Как ни удивительно, эта трагедия минула для Богданова почти незамеченной. Скорее всего, в силу своей вторичности. Накануне, в ту роковую ночь, он сам смотрел в глаза смерти. Но в червивую бесконечность не провалился: ухватившись за скользкий поручень малодушия, удержался на последней черте. Тяжело дыша, прошелся по периметру, пропуская через себя прерывистый пунктир бытия.
Заглянув в царство мертвых, Богданов сник, утерял интерес почти ко всему: службе, семье, любовным утехам на стороне, к чему был горазд. Судьбу снарядил в режим ожидания, но не потливого, со вскакиванием по ночам, а безучастного – к своему будущему, после ливийской катастрофы, считал он, не стоящему и ломаного гроша. С тех пор ни разу не задумывался, как скоро накинут на него браслеты, когда и на какой сковородке изжарят.
Службу Богданов не просто запустил, откровенно ею пренебрегал: за последние десять дней не завизировал ни одного документа, не удосужился даже отправить годовой отчет за семьдесят девятый, притом что из Госплана дважды звонили, подгоняя.
Приходя на службу, полковник обкладывался профильной литературой и творил, не считая перерыва на обед, до конца рабочего дня. Экономика, как наука и ремесло, была его призванием, смыслом существования. В религию вместе с тем обратиться не могла, поскольку, как таковой, экономики в СССР не существовало. Она, безусловно, бытовала, но, мягко говоря, условно, по большей мере в головах своих идеологов-прародителей. Не звать же экономикой чугунный корсет с поясом верности, не подлежащий ни починке, ни регламенту. Дитя-то мертворожденное…
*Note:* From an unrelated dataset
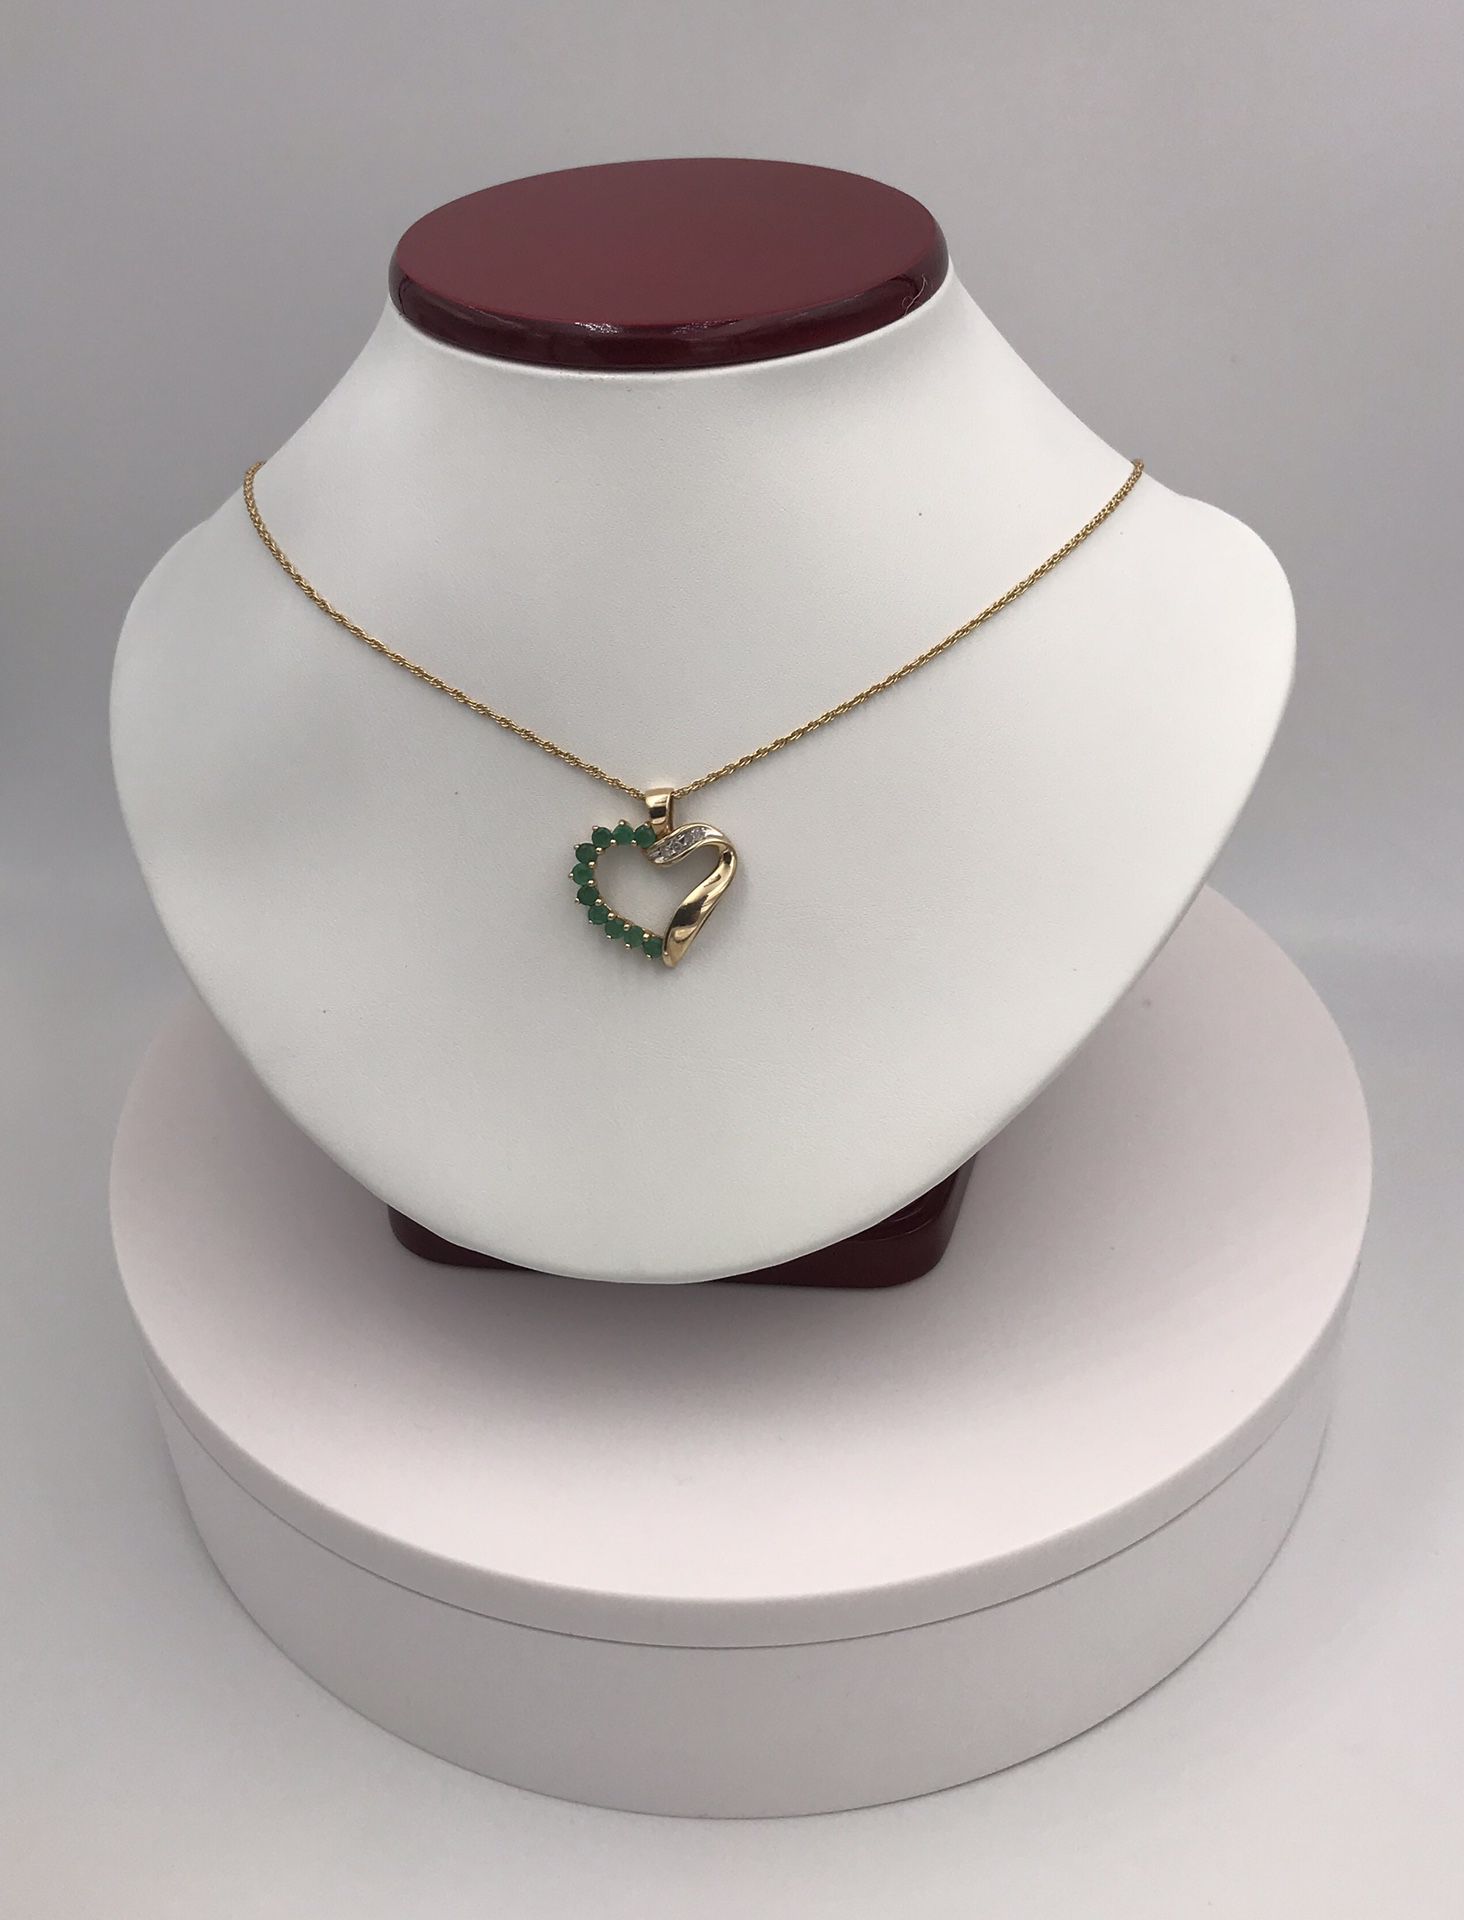 ***Special *** Emerald and diamond pendant for Mother’s Day 10Kt. Precioso pendiente de esmeraldas y diamantes en oro 10K

В силу большой занятости на изучение западной научной литературы прежде у него времени хронически не хватало. Подчитывал лишь иногда и через периодику следил за новостями. Ныне же, пережив крах карьеры и судьбы, хоть и отсроченный, навострился наверстать упущенное. И не спортивного интереса ради – твердо решил оставить после себя зарубку. Хорошо знал: на расстрельных делянках таблички не всегда, не говоря уже о памятниках.
Иностранные журналы, книги, доклады научных конференций сменяли друг друга в фокусе его взыскательного интереса. Когда, по изучении оглавления, захлопывались, но чаще привлекали внимание – на час-два, а то и несколько дней.
В отличие от компаньона Шабтая, на днях подсевшего на газетный жанр, и, как и он, травившего зрение, Богданов сочетал упорное чтение с письмом: то и дело делал выписки, которые в конце дня систематизировал в гладко исписанные страницы, бегло, почти без помарок. Творил по-английски, никогда не задумываясь над нормативностью фразы и не сверяясь со словарем, ибо владел языком на уровне родного.
За полторы недели листов исписал немало, порядка полусотни. На первой странице мерно пухнущего манускрипта выделялось жирное заглавие: «Фондовая биржа. Акселератор или тормоз экономически ориентированного общества?» Чуть ниже – подзаголовок: «Альтернативы».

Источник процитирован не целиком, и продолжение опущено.